Stop Him Before He Kills Again: Michael Wolff, as a friend of mine once argued, is a Topic-Killer. He has a talent for figuring out what everyone would want to talk about, and then he writes a quick, mediocre piece on the subject that doesn't do it justice or that takes an extreme position for effect--but that says just enough to kill off the interest of other, better journalists in tackling the issue . ... The social problem we now face is that Wolff has started a web site, which he has to promote--meaning he now kills a promising topic every day. Today, it's Drudge . ... [ You just killed the topic of Michael Wolff's topic-killing--ed. I have that power? No. I can't even stop myself from re-doing the same item over and over] ... 2:55 A.M.
Wednesday, April 22, 2009
Paragraph #8 in WaPo 's account of Freddie Mac acting CFO David Kellerman's suicide :
He and a group of company lawyers tussled with the company's regulator in early March as the firm prepared to file its quarterly disclosure. The group insisted that Freddie Mac disclose the $30 billion cost to the company of carrying out the Obama administration's housing recovery plan, but the regulator urged the company not to do so.
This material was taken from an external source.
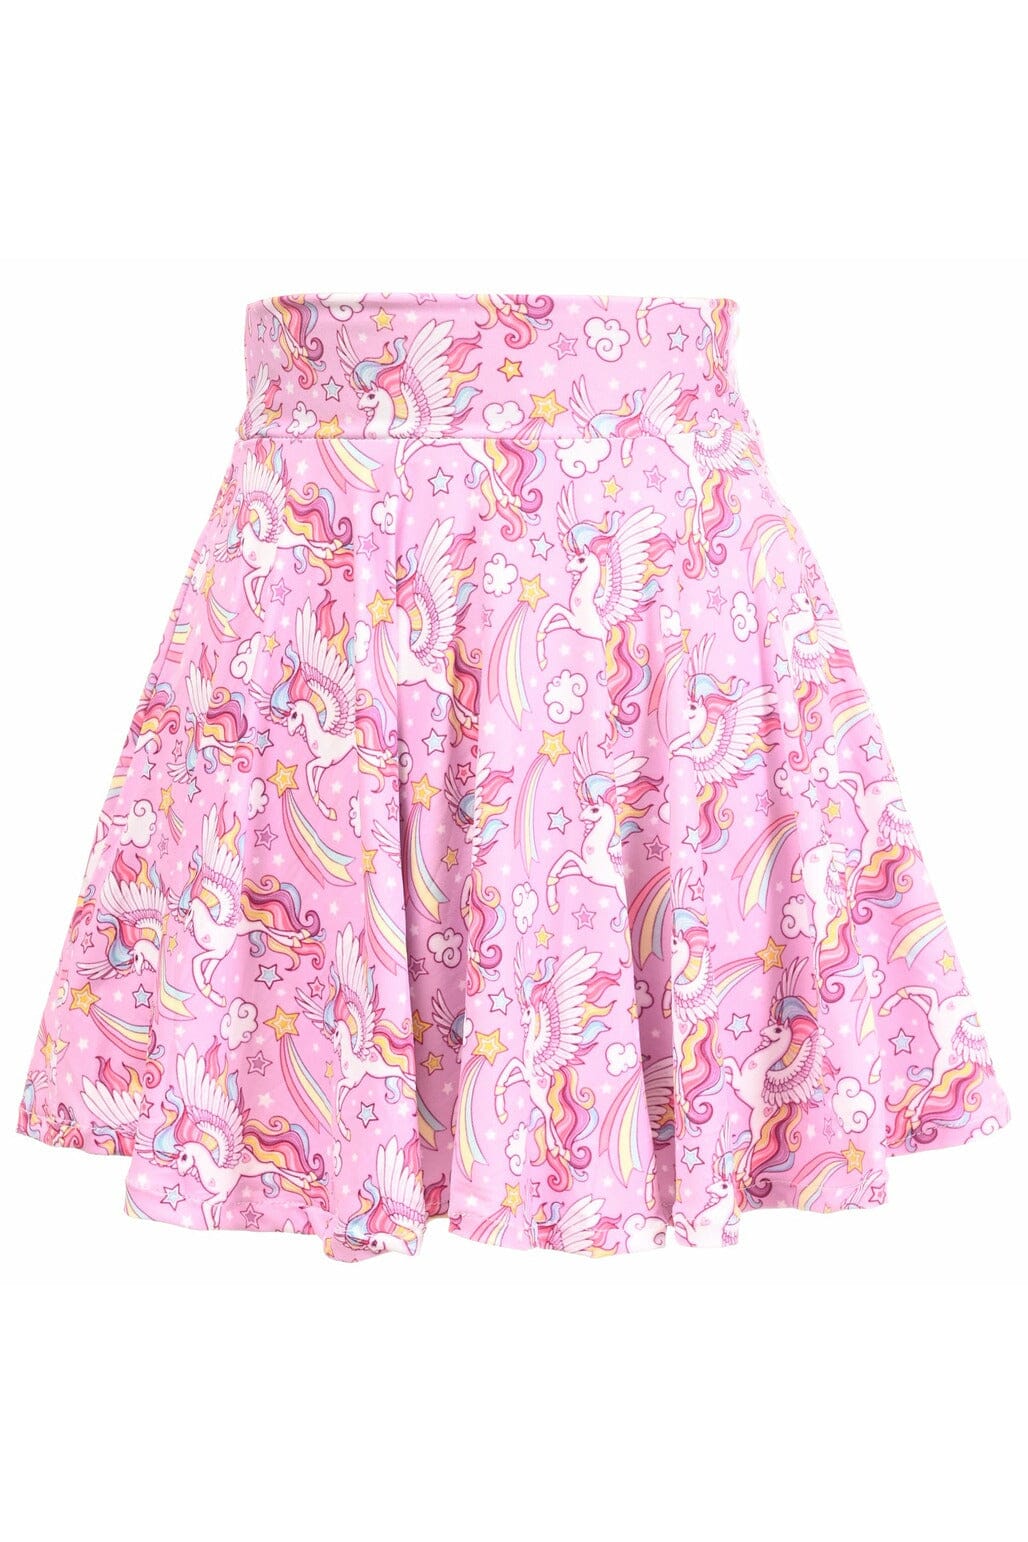 Unicorn Stretch Lycra Skirt-Costume Skirts-Daisy Corsets-Pink-XS-SEXYSHOES.COM
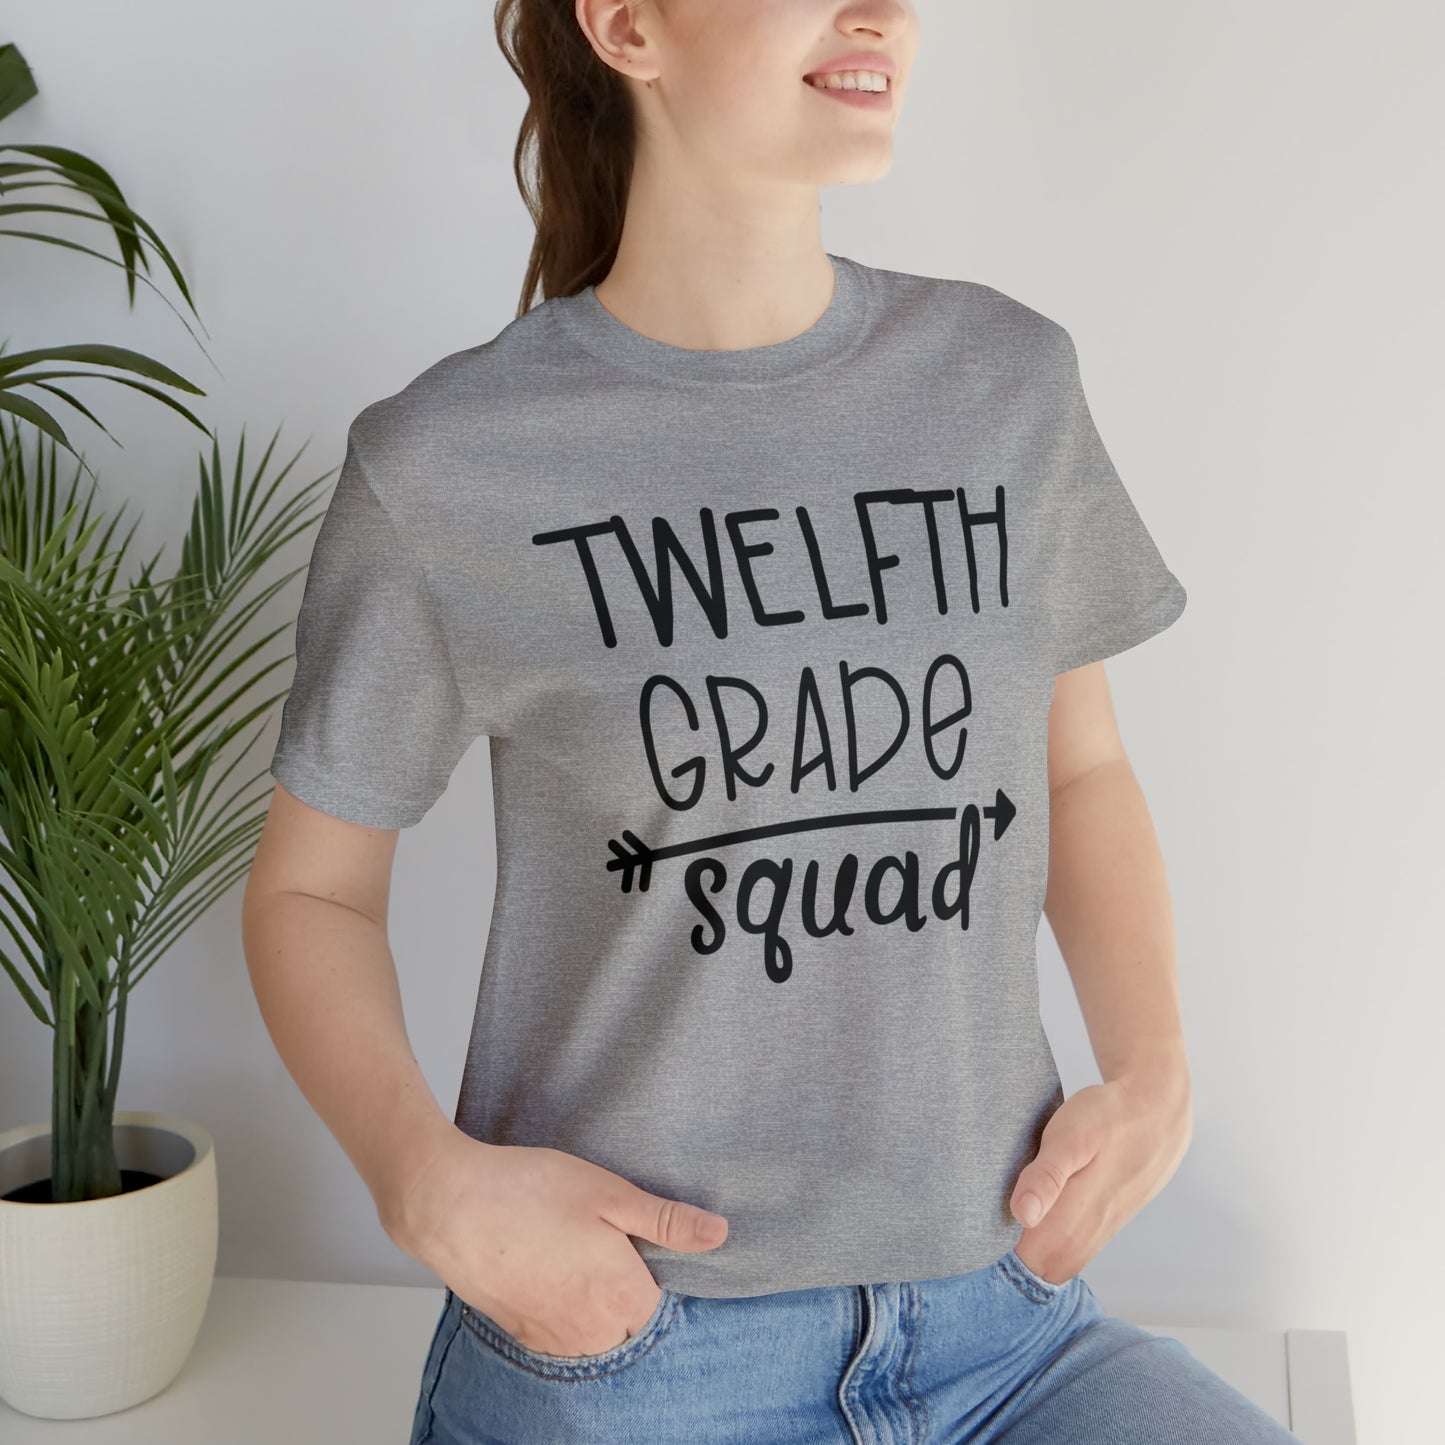 Twelfth Grade Squad Tee

Freddie Mac employees argued they had a legal obligation to disclose the information and would have to get the Securities and Exchange Commission, which oversees such disclosures, to sign off if they didn't. The regulator backed down.
Alert reader J. says, "[A]n odd story, isn't it? The regulator says don't disclose the cost of this government program? Why would he say that?" ... There's an obvious overarching reason--it would be embarrassing to the Obama administration. But why? Isn't the administration usually boasting about how much it's spending for struggling homeowners? ...
Update: Politico 's Josh Gerstein offers some informed speculation :
In the end, FHFA [the regulator] reportedly retreated and Freddie formally disclosed that the Obama anti-foreclosure plan could force the firm, which is in a federal government conservatorship, to take a pre-tax charge of $30 billion.
While the Obama administration might not want to have the pricetag for its foreclosure efforts look too big, the reason regulators may have pressured Fannie to understate the cost of the program is pretty simple: both Obama and Geithner said publicly that it wouldn't have a material financial impact on Fannie or Freddie.
Why would Obama and Geithner make such an estimate? Because they were publicly buying into the Juiceboxy free-lunchish, counterintuitive** notion that if only lenders were made to offer more lenient terms to homebuyers, the lenders would make more money! (Obama: "While Fannie and Freddie would receive less money in payments, this would be balanced out by a reduction in defaults and foreclosures.") Looks like those numbers don't add up--though you can expect the free-lunch argument to crop up again in the current effort to get credit card companies to offer less harsh terms (i.e., as if that will let banks pay off their bailout loans quicker ). ...
P.S.: Gerstein does raise the issue of why the "FHFA would feel obligated to carry water for the Obama administration," given that FHFA Director James Lockhart was originally a Bush appointee. ...
**--The intuitive notion would be that if there's one thing rapacious lenders know how to do, it's make money. If setting more relaxed terms would maximize their profits, they'd do it. ... 4:34 P.M.
Guess this feud is over: Nancy Pelosi speaks out in defense of Jane Harman !
"I have great confidence in Jane Harman," Pelosi said. "She's a patriotic American. She would never do anything to hurt her country."
Thanks, Nancy ... for, you know, emphasizing the whole unpatriotic, betray-your country issue. ... P.S.: I used to work for Harman and like her. Maybe I'm biased. But I don't completely understand what all the fuss is about. So someone convinces her that this prosecution is unfair and she says she'll probably lobby against it. And then this person puts in a good word for her with Pelosi about committee assignments. If this person is also (unbeknownst to Harman) a spy what does that change? Is that different than if they were an ambassador, or foreign leader, or foreign pundit, or New Republic editor? Or president of a respected non-profit? Seems like everyday politics. No secrets were leaked to anyone, as far as I know. Whether it's corrupt or not depends on whether Harman genuinely thought the prosecution was unfair, which in turn depends at least in part on whether it really was unfair, no? But maybe I'm missing something. ... 4:33 P.M.